My parents are late 70’s and 85. In fairly good health and reasonably comfortable financially.
My main concern is how my mother will cope when my father dies.
She’s incredibly dependent on him to manage finances and things like central heating controls, driving, turning the TV on and off and other basic tasks as she finds it too complicated. I don’t think she has any cognitive problems but it’s a combination of laziness, anxiety and enjoying being looked after by my father. She has always been the queen in their relationship.
Their adult children including me, tiptoe around her as she can be volatile, and stubborn and always has been. She is a black and white thinker and incredibly lacking in self awareness.
She told me recently that she has no wish to learn anything about her finances but that I will have to sort it out for her when my father isn’t around.

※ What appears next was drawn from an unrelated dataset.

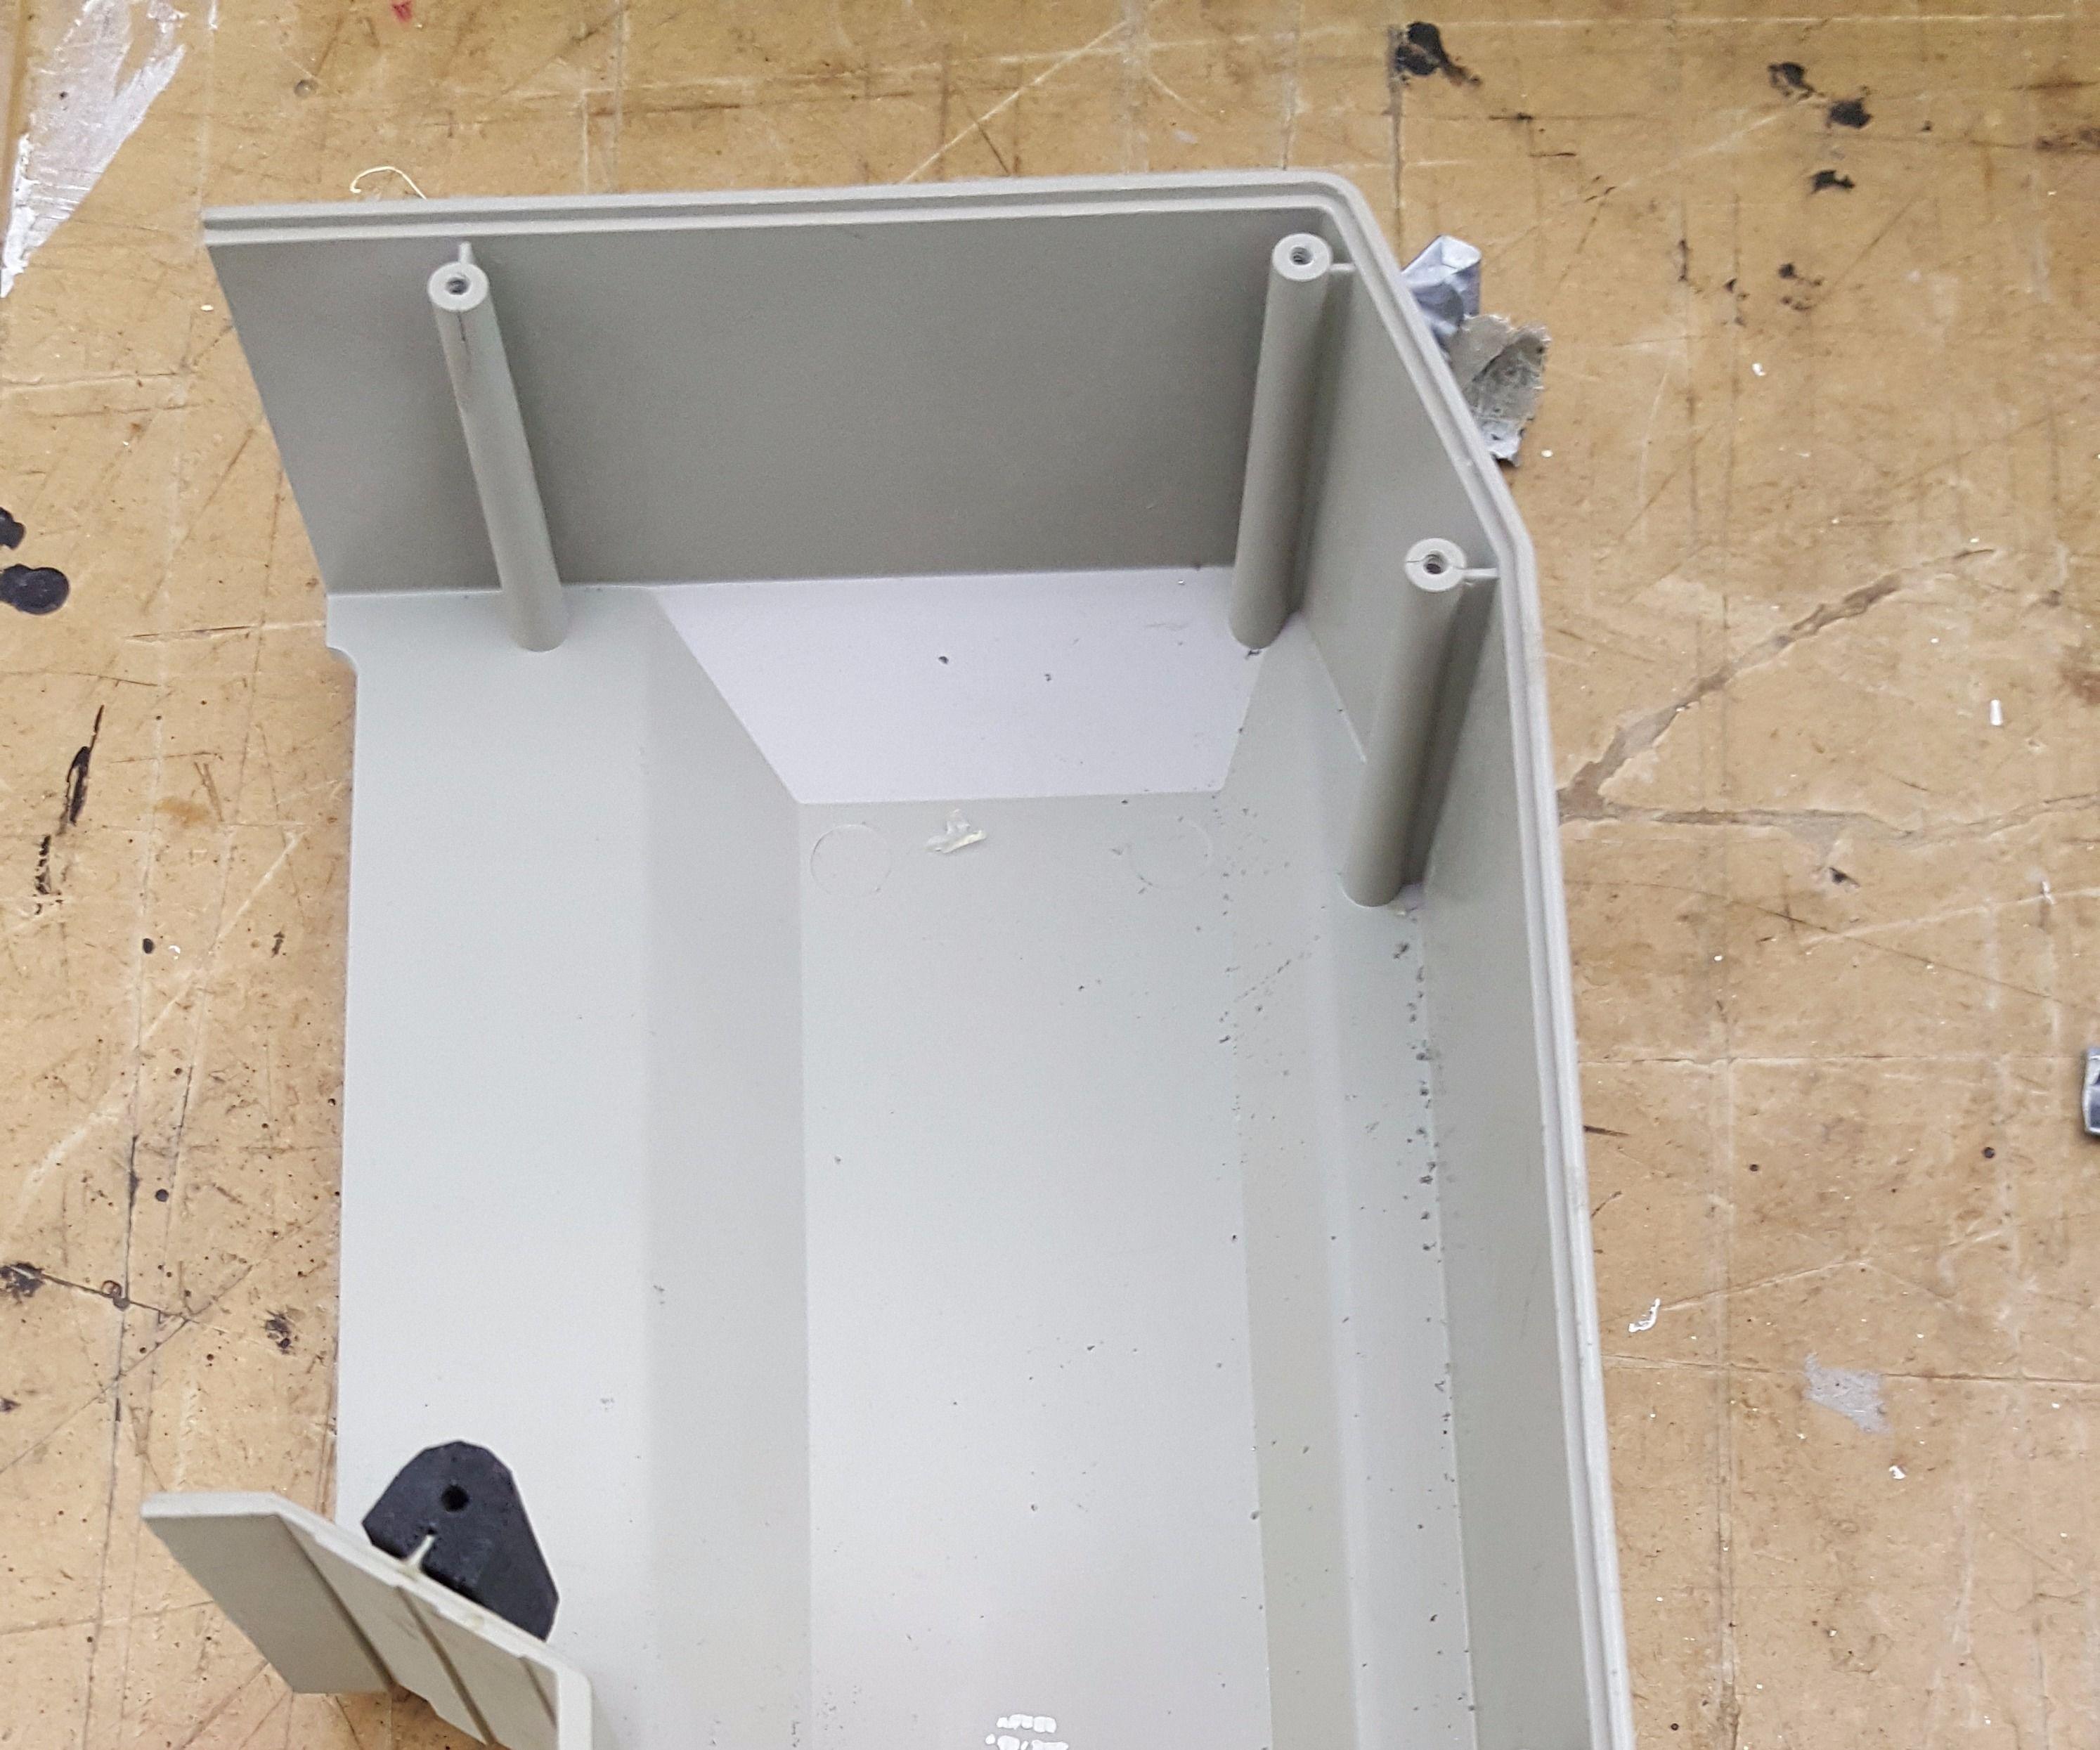 3D Printed Insert to Repair Boss. Made in Techshop Detroit

My other siblings aren’t as local to them as me apart from a brother who has a high flying career and is and therefore ‘too busy’ to help- my mother’s words.
I’m a single parent with 3 children and two of them have additional needs and I work 4 days a week.
I feel resentful about her assumptions and frustrated by her refusal to take any responsibility. I feel I don’t have a choice but to step up when the time comes. How do others manage the resentment? I feel selfish but I do help them out with small tasks already and make an effort to see them at least twice a week. I also take them on holiday sometimes.